═════ PROVIDED DATA ═════

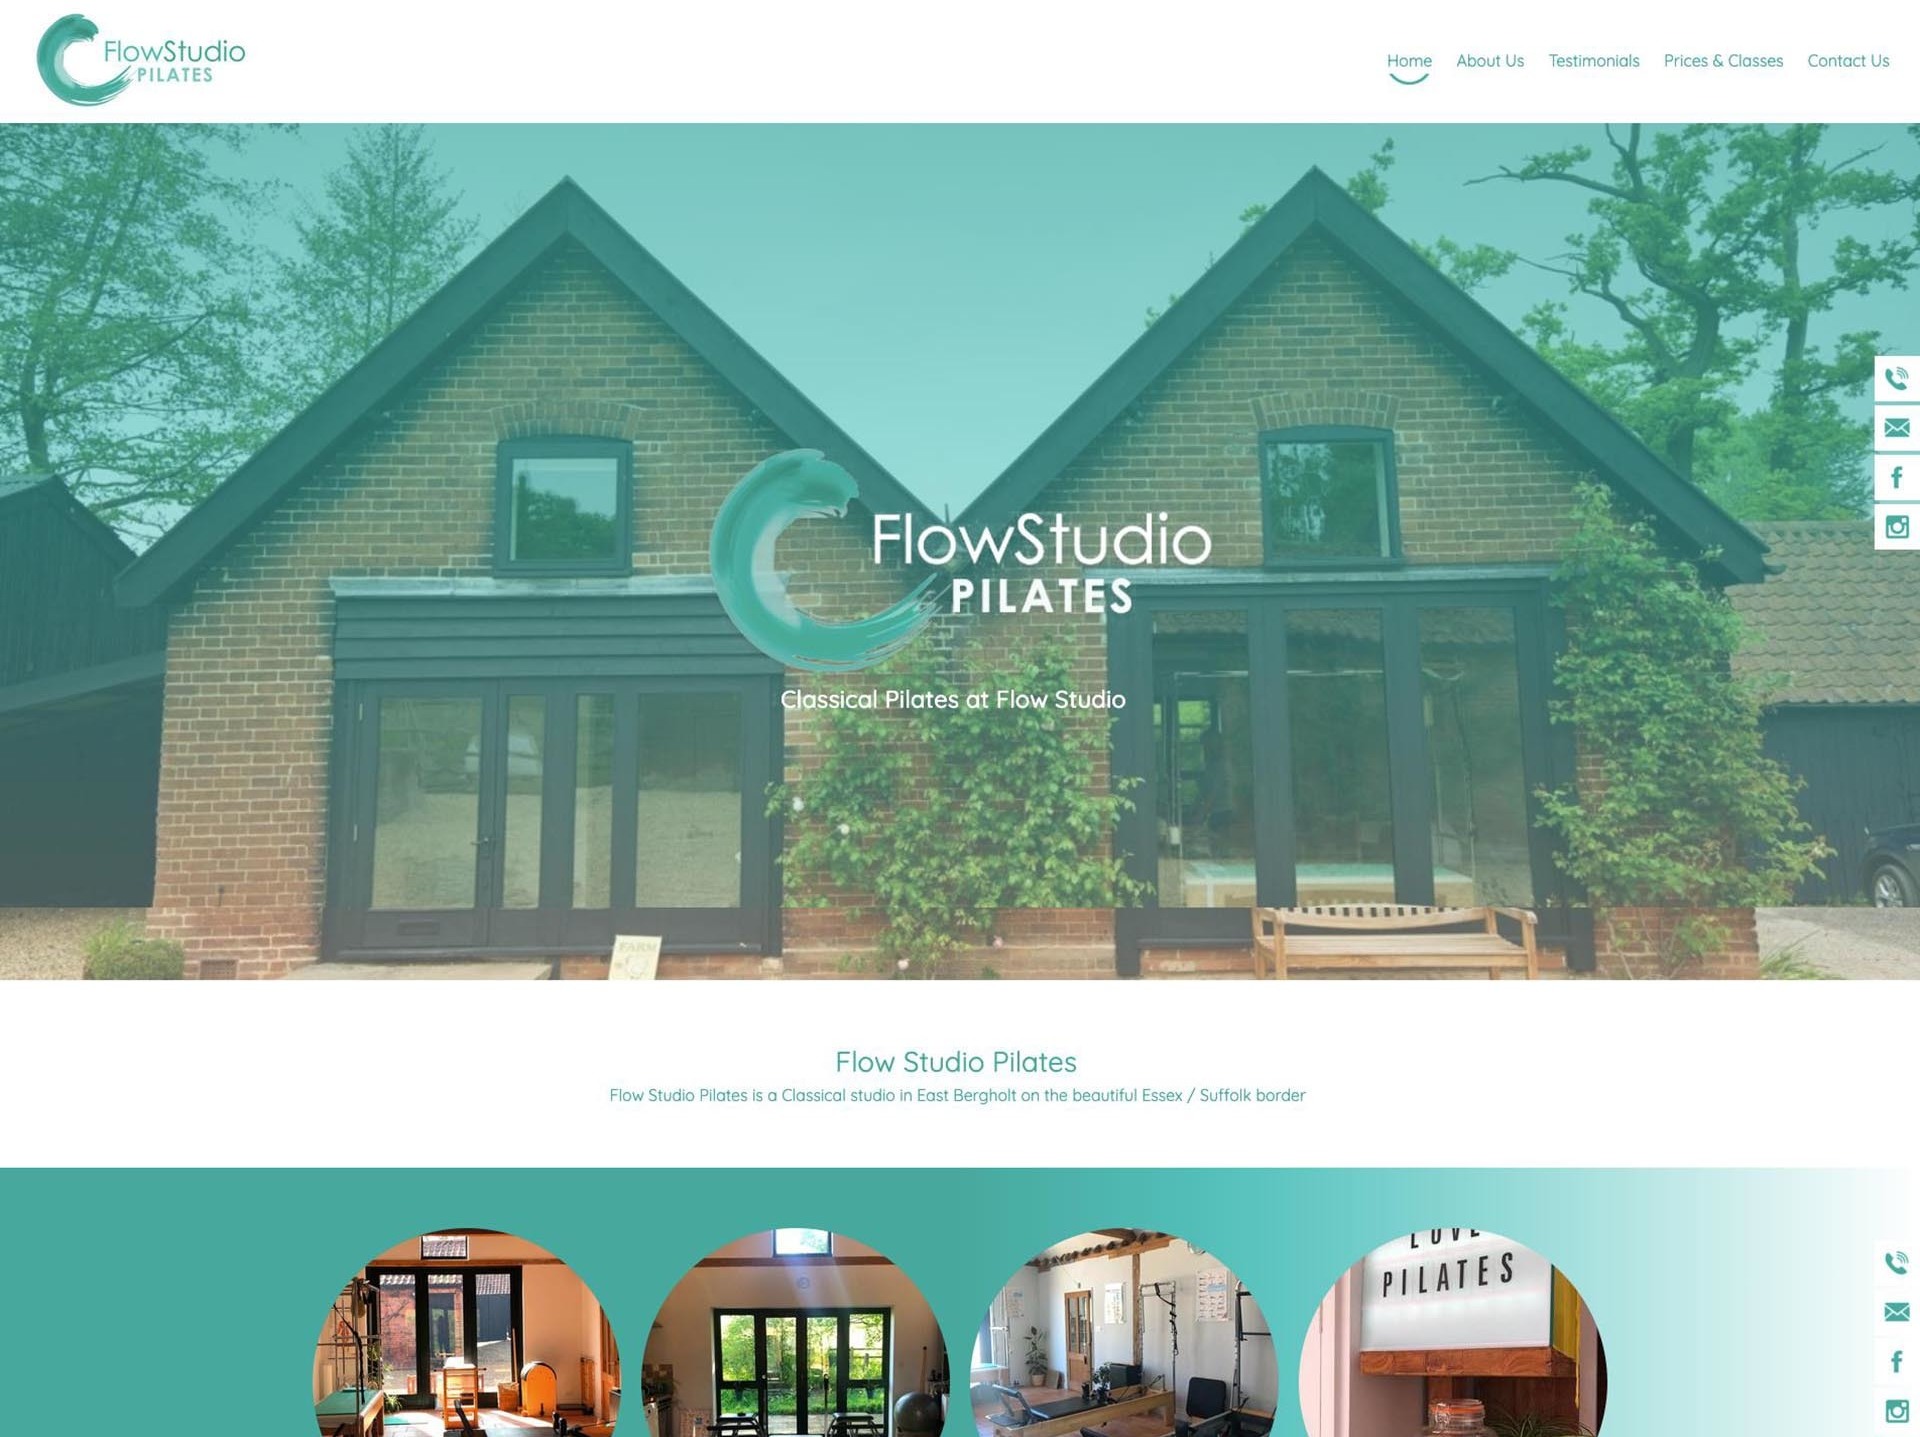 Web Design Suffolk
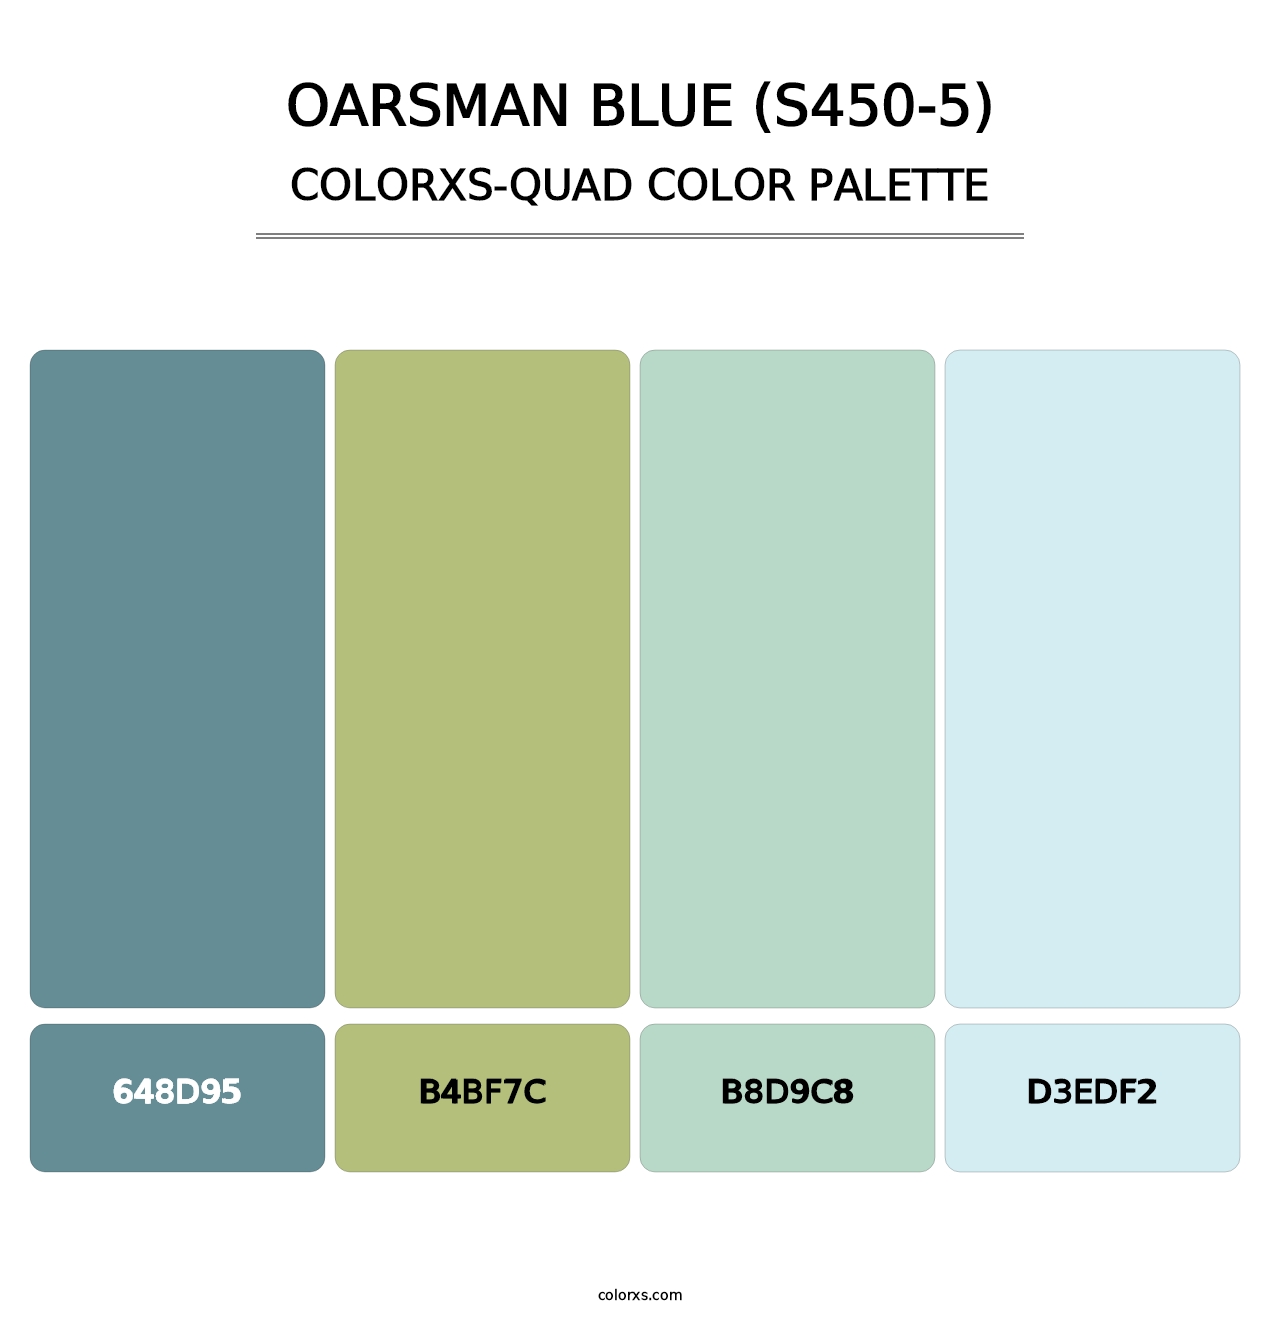 Oarsman Blue (S450-5) - Colorxs Quad Palette
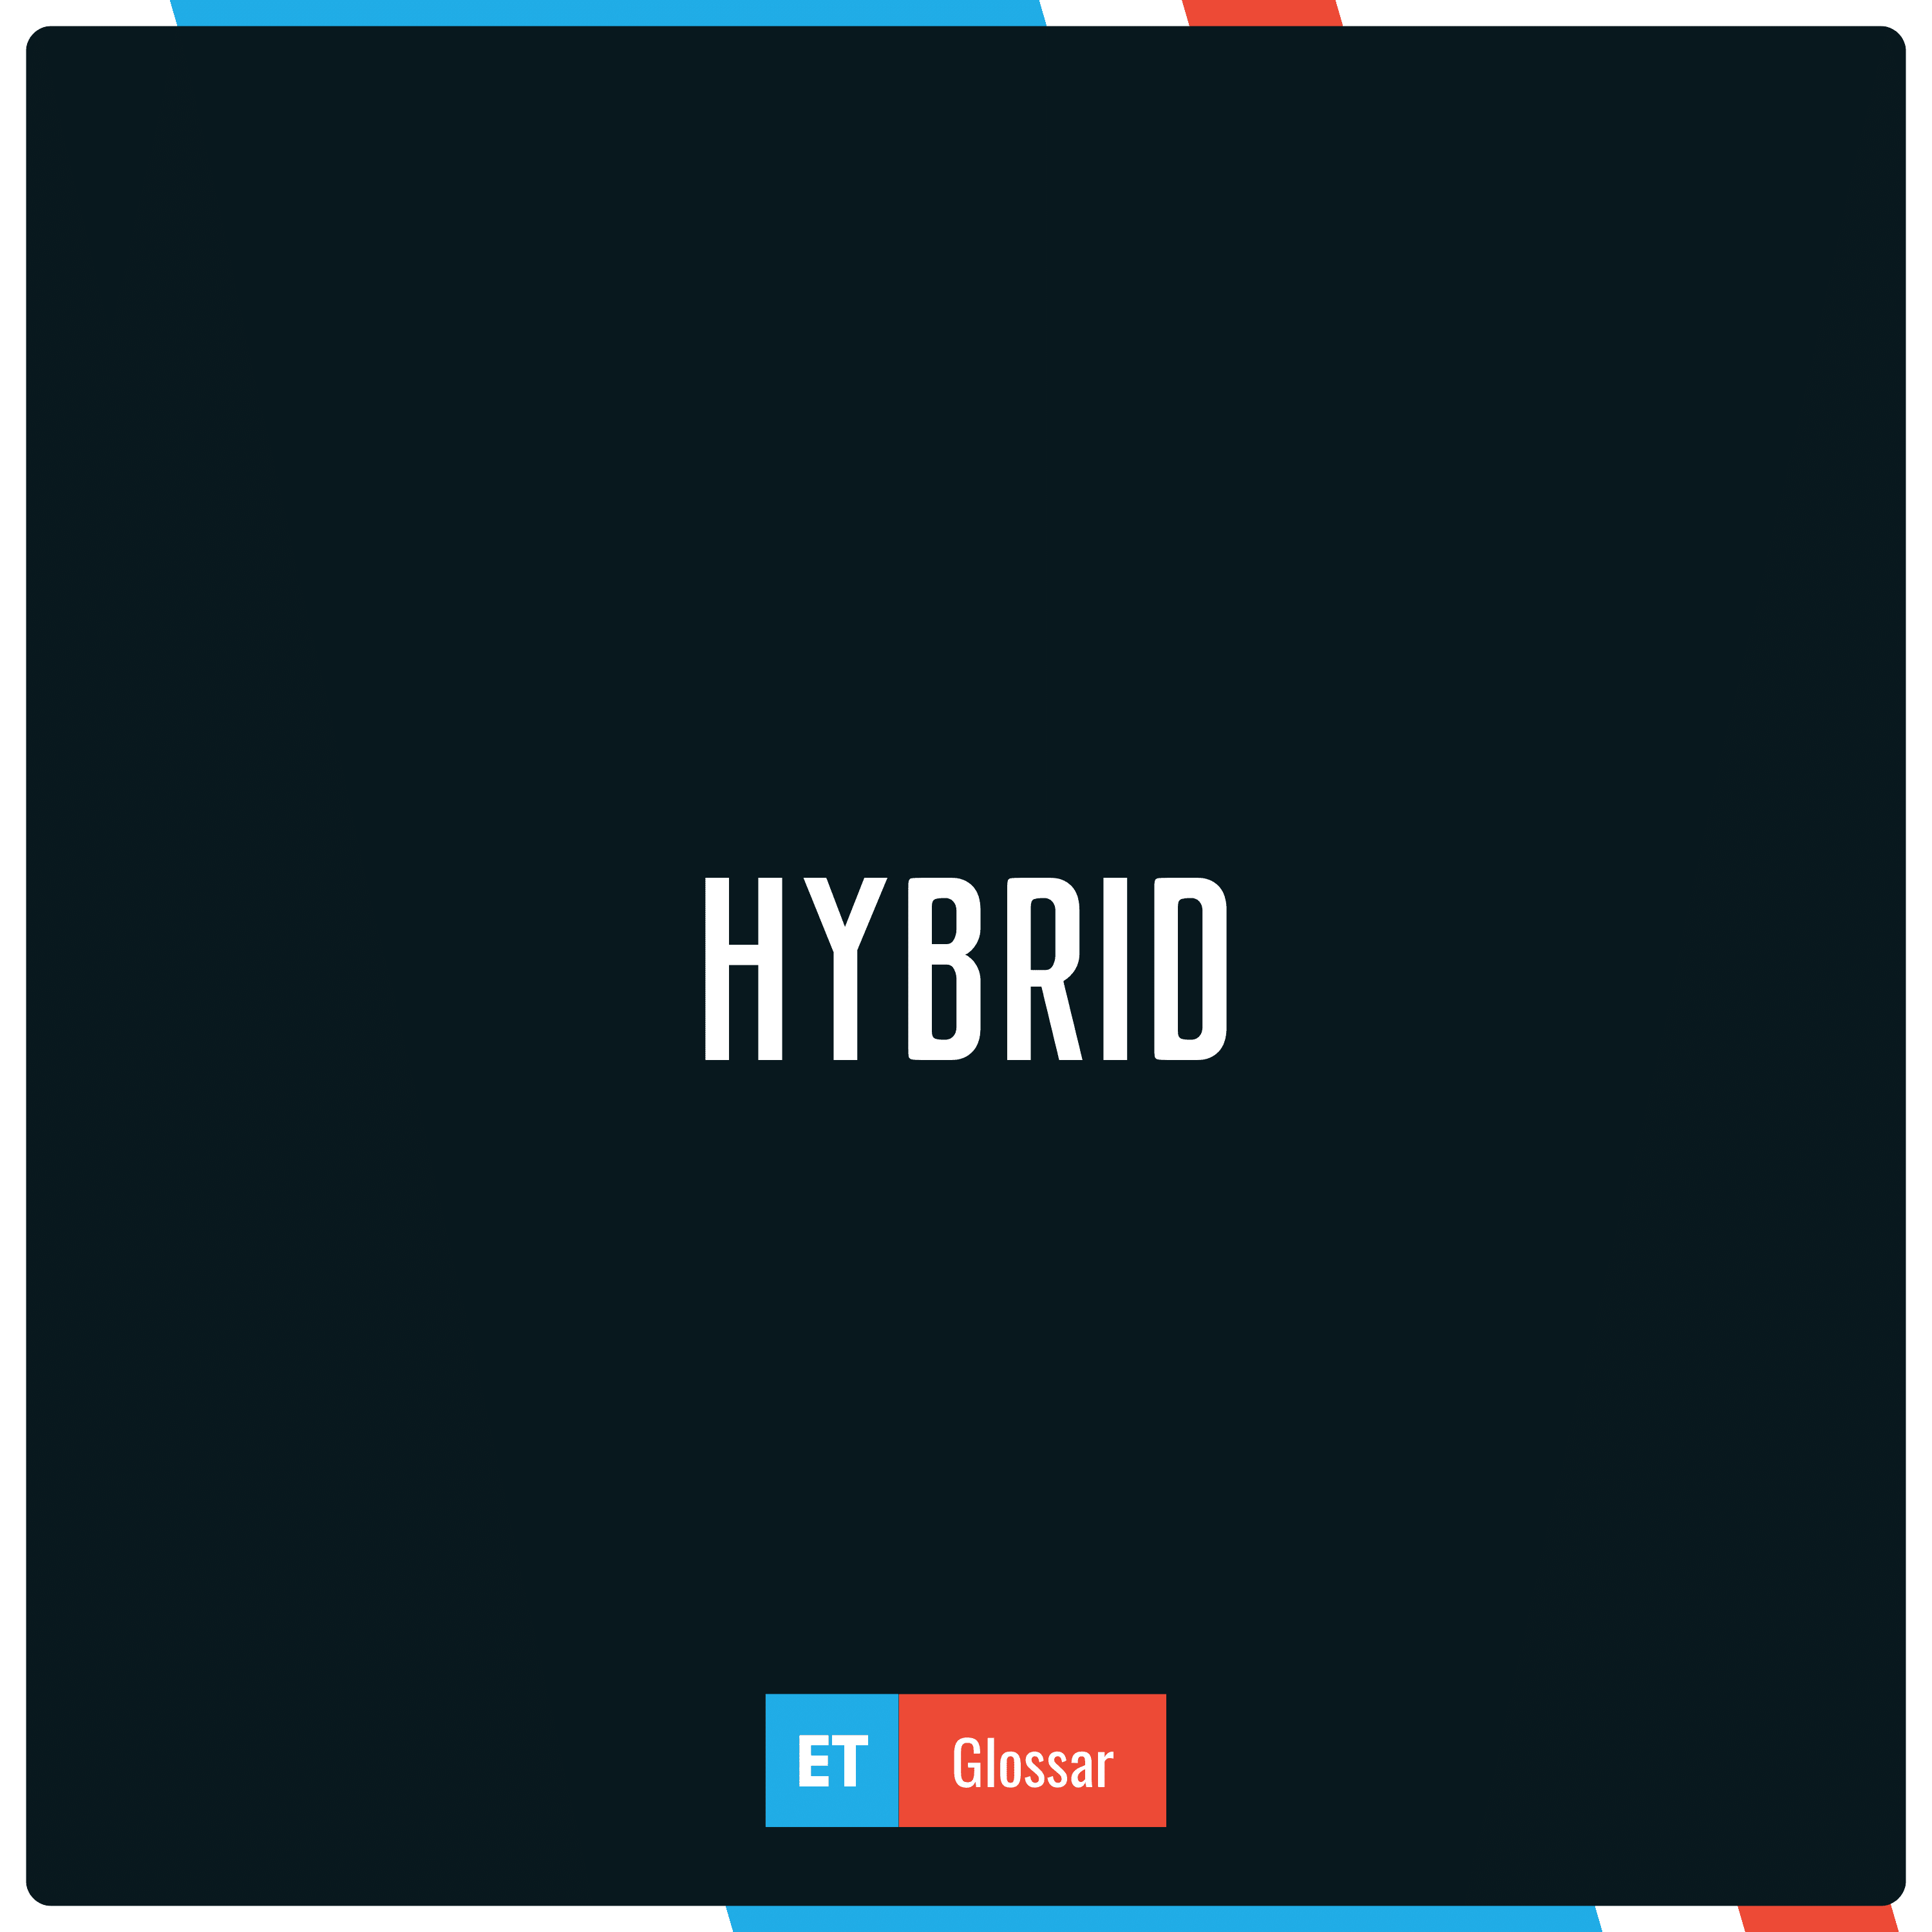 Der Begriff Hybrid einfach erklärt im Exciting Tech Glossar

═════

_WHAT IS NEEDED_:
Take the line containing "Oarsman Blue (S450-5) - Colorxs Quad Palette" and all lines after it to the end of the data above, and reproduce them exactly, leaving out pictures. Nothing else belongs in the copy.

_RESULT_:
 Oarsman Blue (S450-5) - Colorxs Quad Palette
 Der Begriff Hybrid einfach erklärt im Exciting Tech Glossar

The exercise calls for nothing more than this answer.